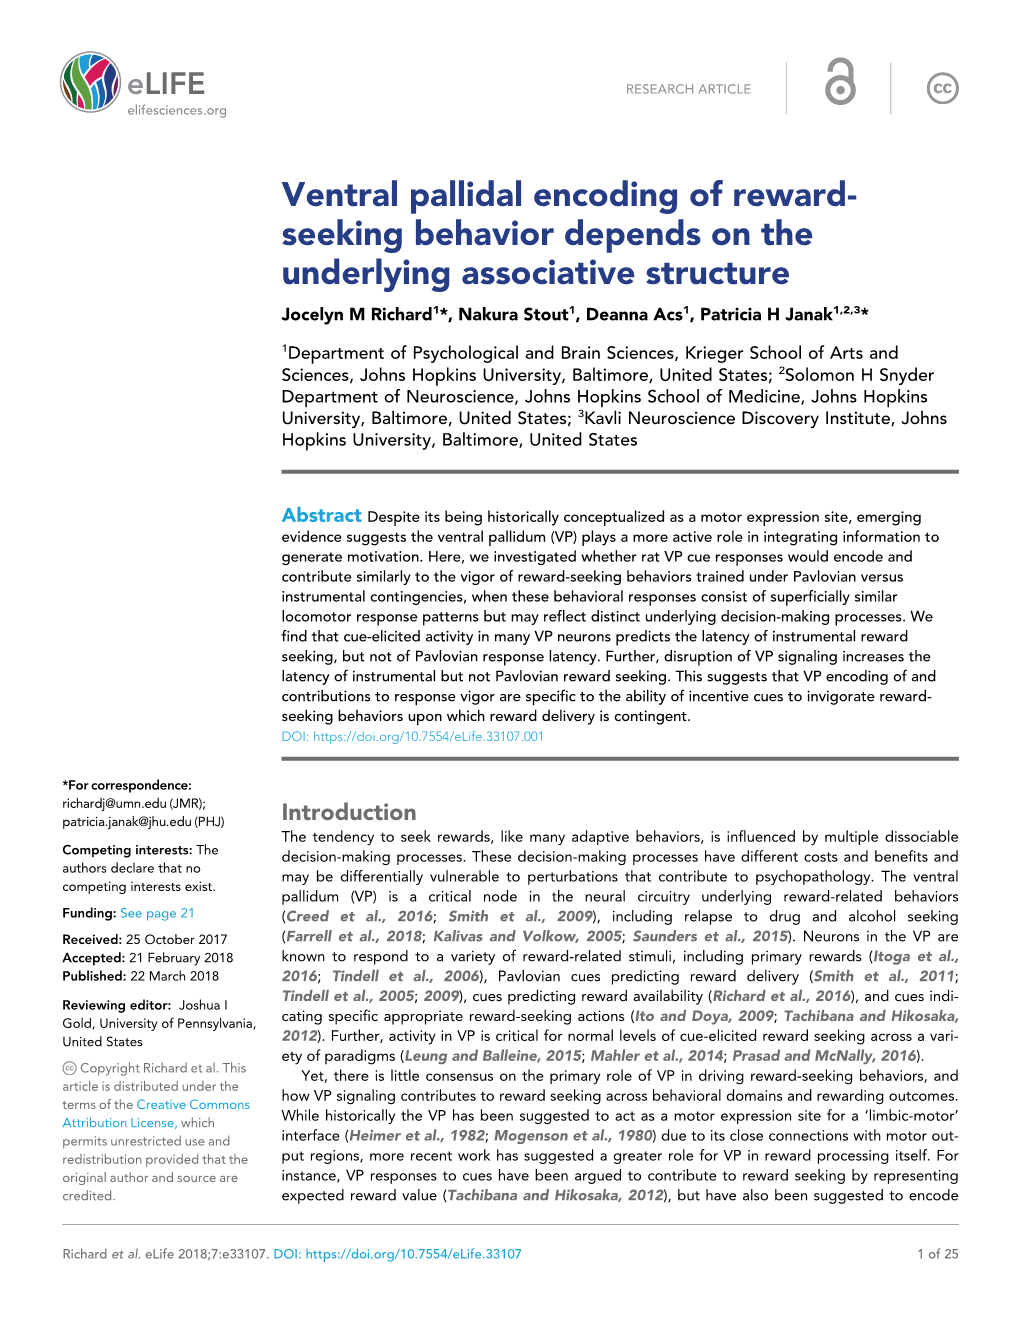 Ventral Pallidal Encoding of Reward- Seeking Behavior Depends on The
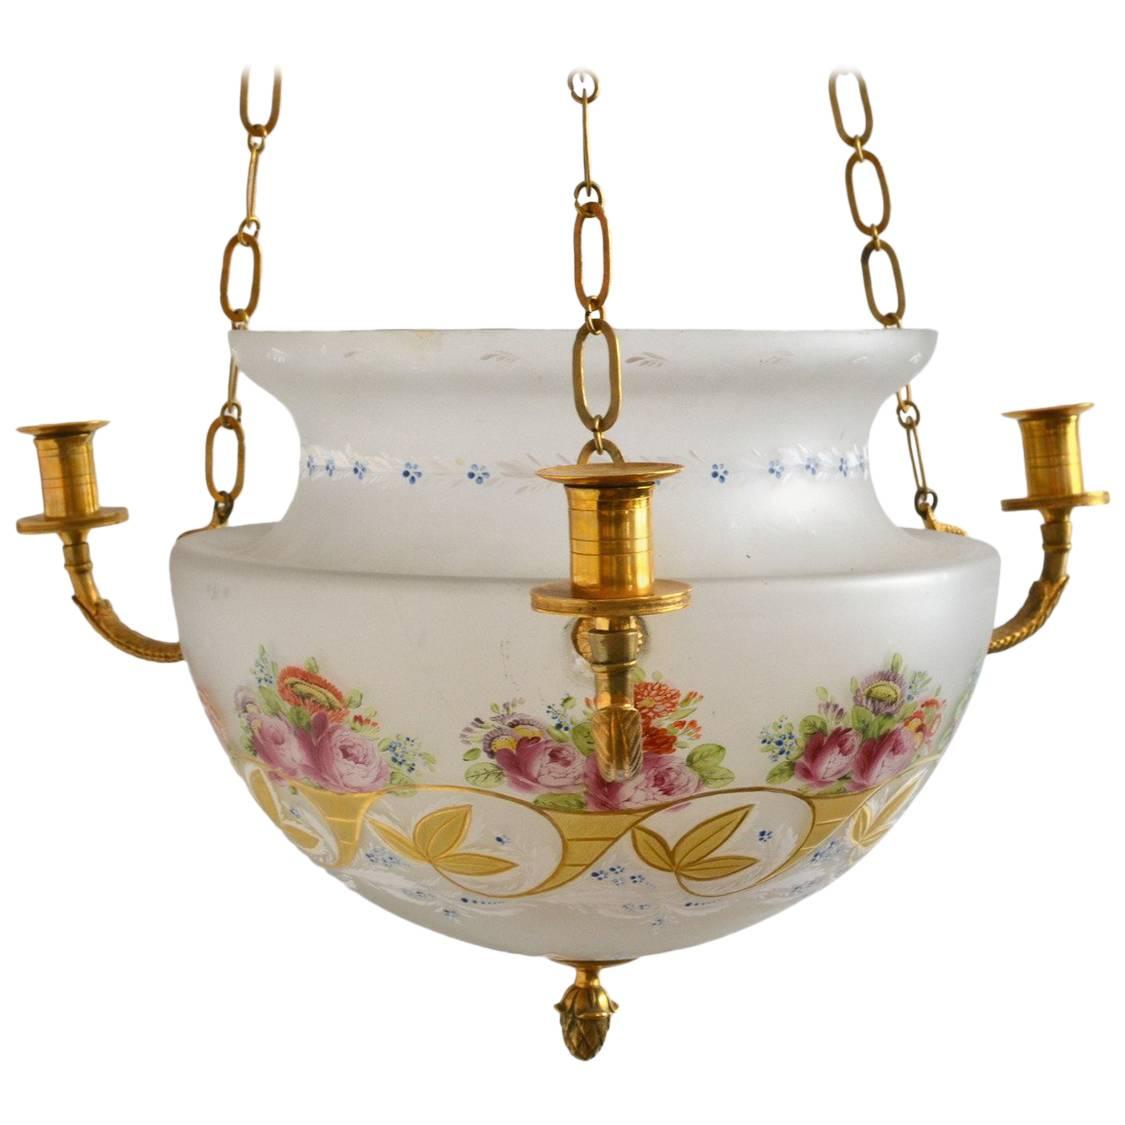 Swedish Painted Glass Empire Hanging Lantern/Lamp, Early 19th Century
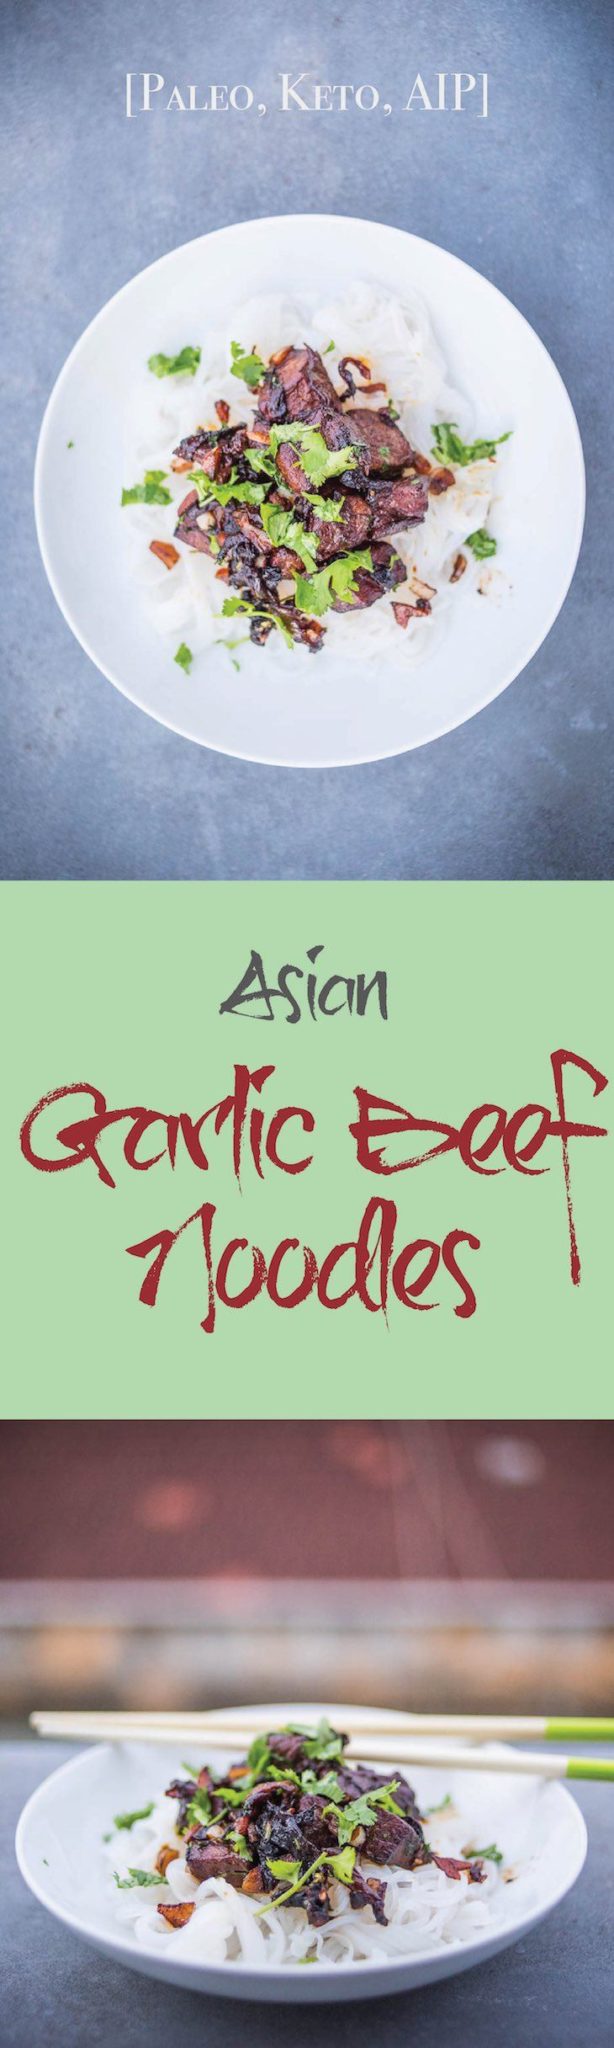 Asian Garlic Beef Noodles Recipe [Paleo, Keto, AIP] #paleo #keto #aip #recipe https://paleoflourish.com/asian-garlic-beef-noodles-recipe

++++++++++++++++++++

#### About this task
The whole listing above must be set down again exactly, but without its images.

#### Solved problem
 Ventral Pallidal Encoding of Reward- Seeking Behavior Depends on The
 Swedish Painted Glass Empire Hanging Lantern/Lamp, Early 19th Century
 Asian Garlic Beef Noodles Recipe [Paleo, Keto, AIP] #paleo #keto #aip #recipe https://paleoflourish.com/asian-garlic-beef-noodles-recipe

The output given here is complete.